The other point mutations were introduced as recommended by the
manufacturer, using the QuickChange site-directed mutagenesis kit
(Stratagene) and oligonucleotides
CTCCCCAAGGCAGATCTTACTGCTTCGGGGAGT (mutATG+100),
GCTGTAACCGGGTCACTTTGTGGAATATTGGGG (mut 41),
AACCGGGTCAATGTCTTGAATATTGGGGGGCTC (mut 37),
AACCGGGTCACTTTCTTGAATATTGGGGGGCTC (mut 41/37),
GGACGGGACTATCAAGGAGGCTCTG (mut S1),
GCTCTGTCTGTGGTCAGTGACGATC (mut S2),
GGACGGGACTATCAAGGAGGCTCTGTCTGTGGTCAGTGACGATC (mut S12),
GTCTGTGGTCAGCGACGATCAGTCCCTTTTCGATTCAGCATACGG (mut S14), and
CCCAAGGCAGATATGCCTGCTTCGGGGAGTCCCGACTACGGGCAGCCC (mut S16). All mutated Fli-1 cDNAs were verified by sequencing between the SacI and BamHI restriction sites and then
subcloned back to the parental pBSK+ Fli-1 cDNA plasmid. Expression
vectors pCI Fli165, pCI Fli41/37, pCI FliS12, pCI Fli-10, pCI
Fli+93, and pCI Fli-10 mutATG+100 were obtained by subcloning the
corresponding Fli-1 cDNA under the control of the cytomegalovirus (CMV)

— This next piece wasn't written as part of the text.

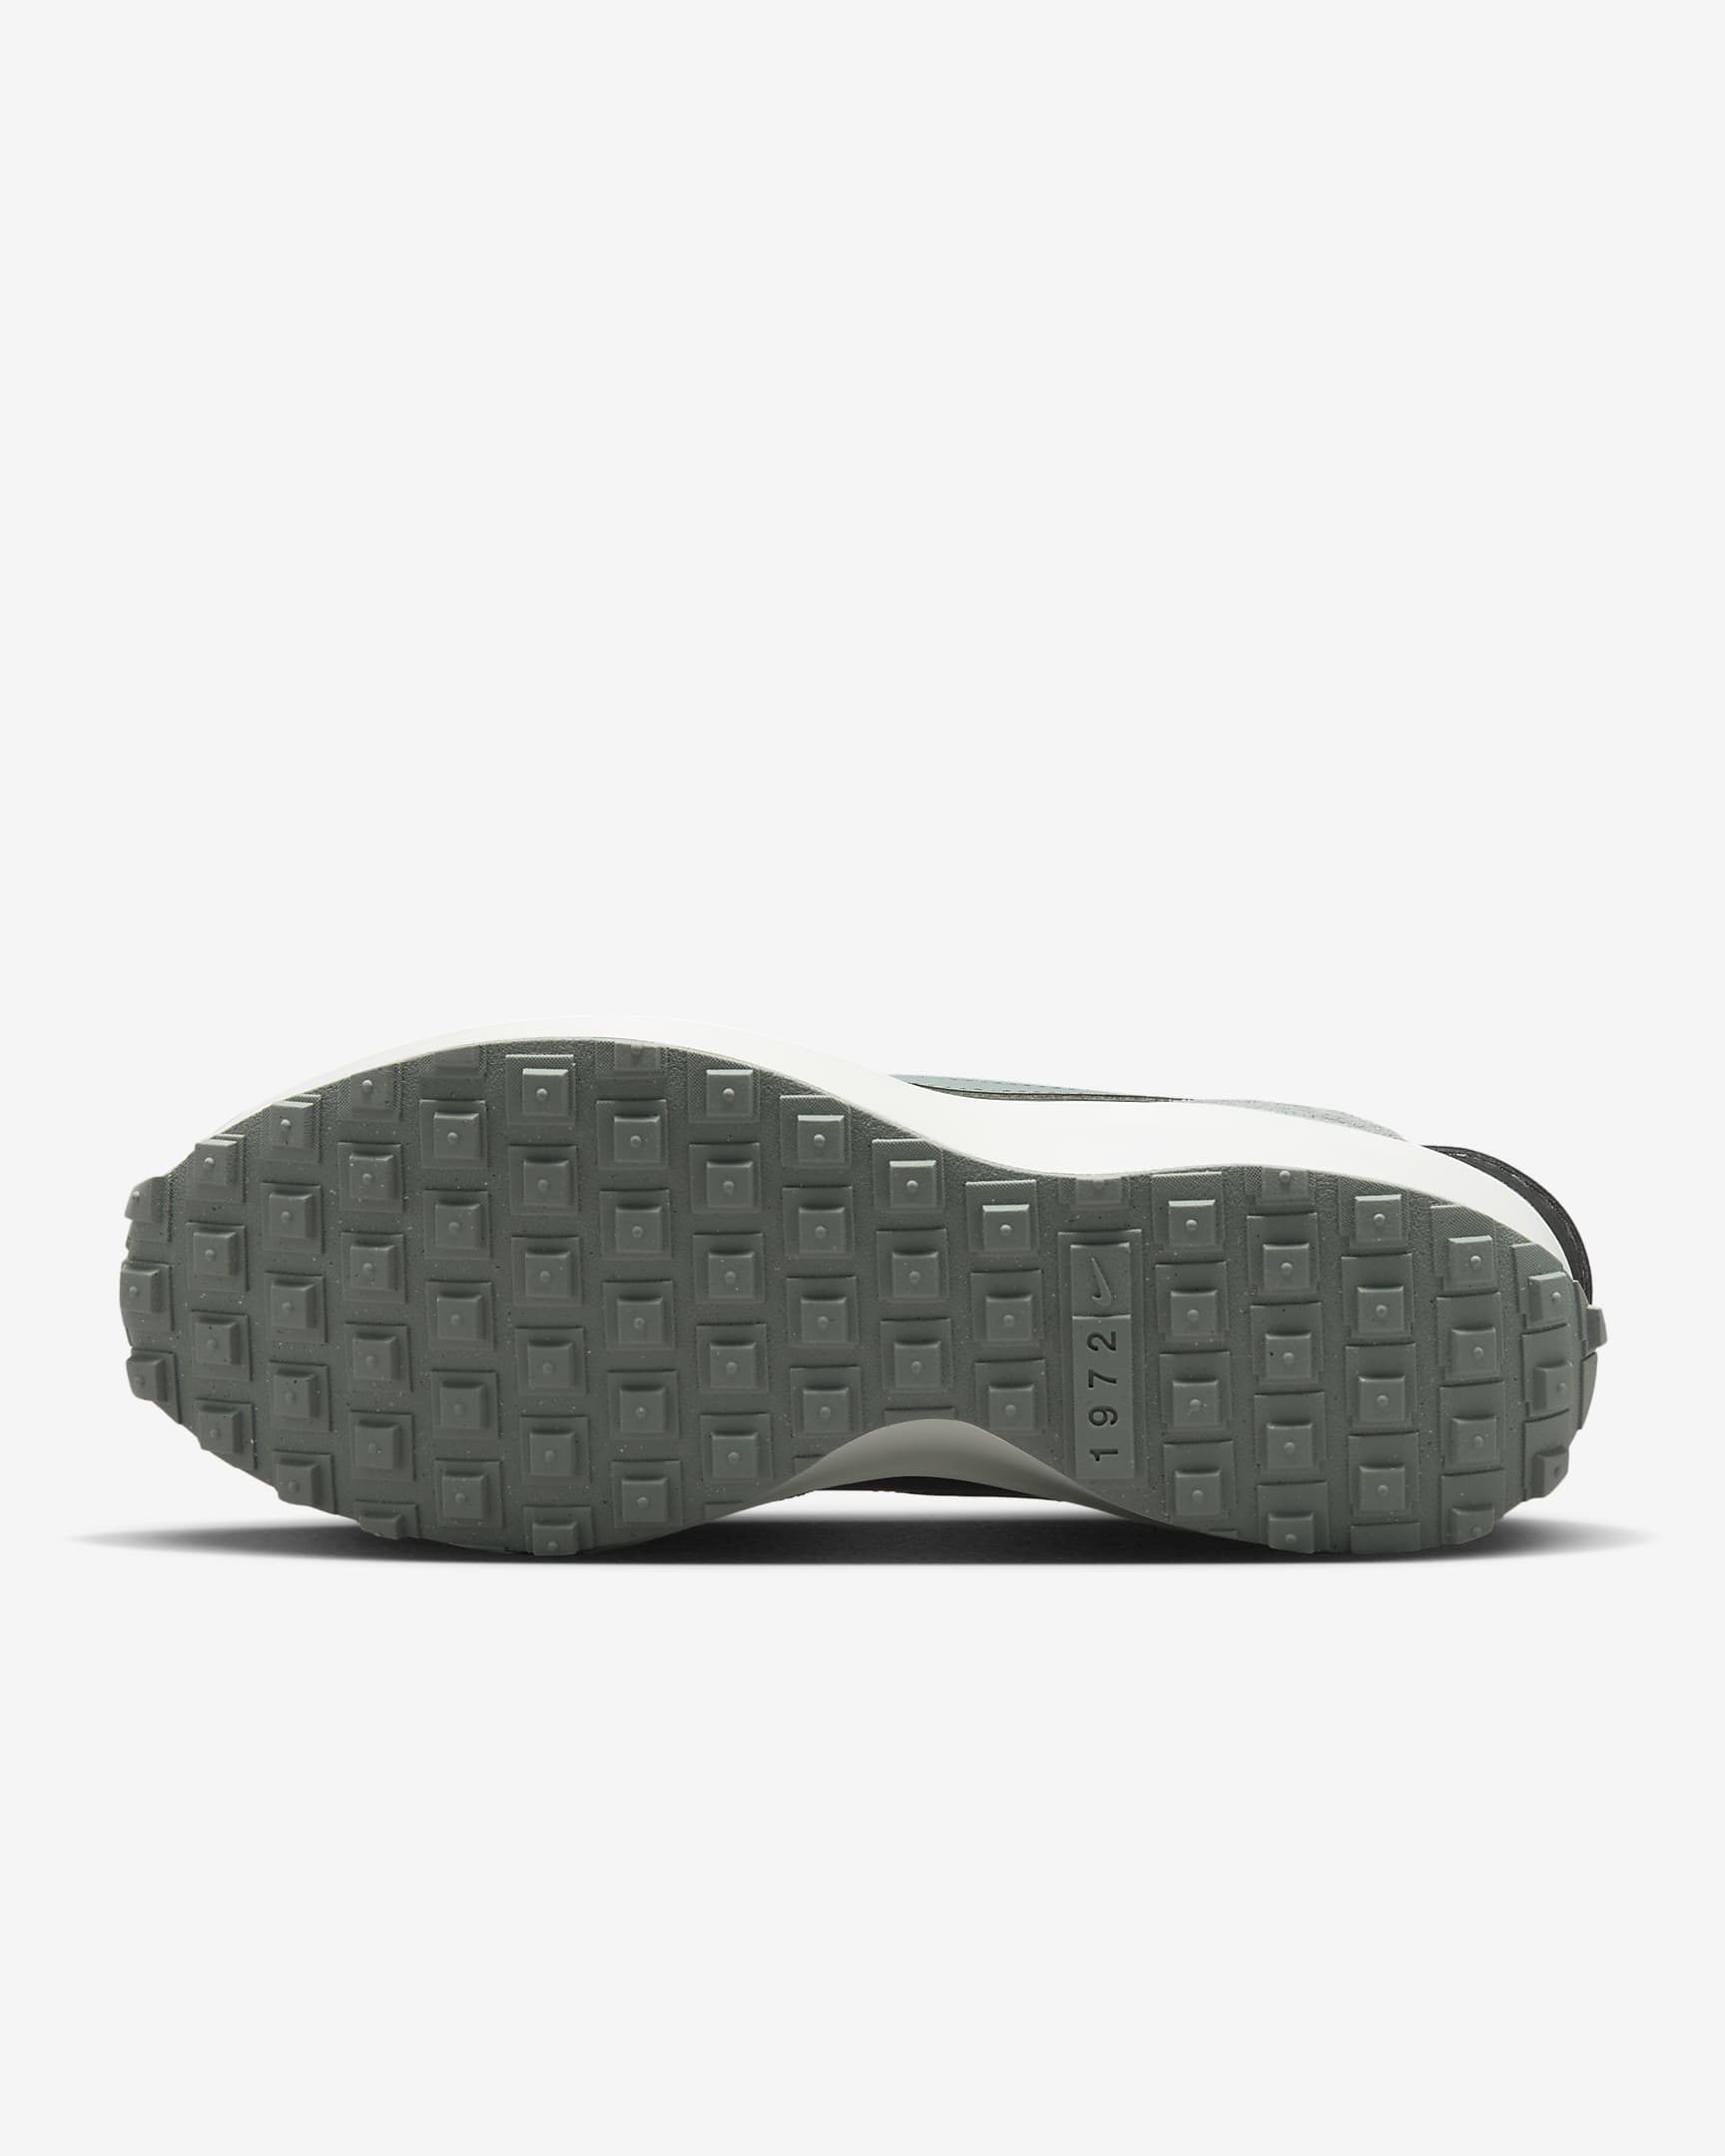 Nike Waffle Debut Women's Shoes - Summit White/Light Silver/Mica Green

promoter into the single NotI site of pCI Neo vector
(Promega, Charbonnières, France).
In vitro transcription and translation.
All DNA templates
were linearized by EcoRI digestion and used to synthesize
the corresponding Fli-1 mRNA by using T3 RNA polymerase. Uncapped
mRNAs were synthesized using the AmpliScribe T3 transcription kit (Epicentre Technologies, TEBU, Le Perray-en-Yvelines, France), whereas capped mRNAs were synthesized using the mMessage mMachine T3 kit (Ambion, Clinisciences, Montrouge, France) as recommended by the
manufacturers. Capped and uncapped mRNAs were further purified on
MicroSpin S-300 HR columns (Pharmacia Biotech, Orsay, France) to
eliminate excess unincorporated free nucleotides and cap analog. Both
capped and uncapped mRNAs were recovered by ethanol precipitation, resuspended in water, and quantified by UV spectrophotometry. Aliquots
of each synthetic mRNA were carefully analyzed by formaldehyde denaturing agarose gel electrophoresis to ensure quality and
quantitation. A 1-µg sample of each mRNA was then incubated for
1 h at 30°C in 25 µl of commercial rabbit reticulocyte lysate
(Flexi-Rabbit Reticulocyte Lysate System; Promega) in the presence
of 1 µCi of [35S]methionine (Amersham, Les Ulis,
France) per µl. Reactions were stopped by adding an equal volume of
2× Laemmli denaturing buffer (24), and the mixtures were
boiled for 10 min and stored at 80°C until analysis. Equal amounts
of the reaction products were analyzed by sodium dodecyl
sulfate-polyacrylamide gel electrophoresis (SDS-PAGE) followed by
autoradiography of the dried gels. Quantitative analyses of the results
were carried out using a GS-525 molecular imager (Bio-Rad, Yvry sur
Seine, France) and Molecular Analyst software (Bio-Rad).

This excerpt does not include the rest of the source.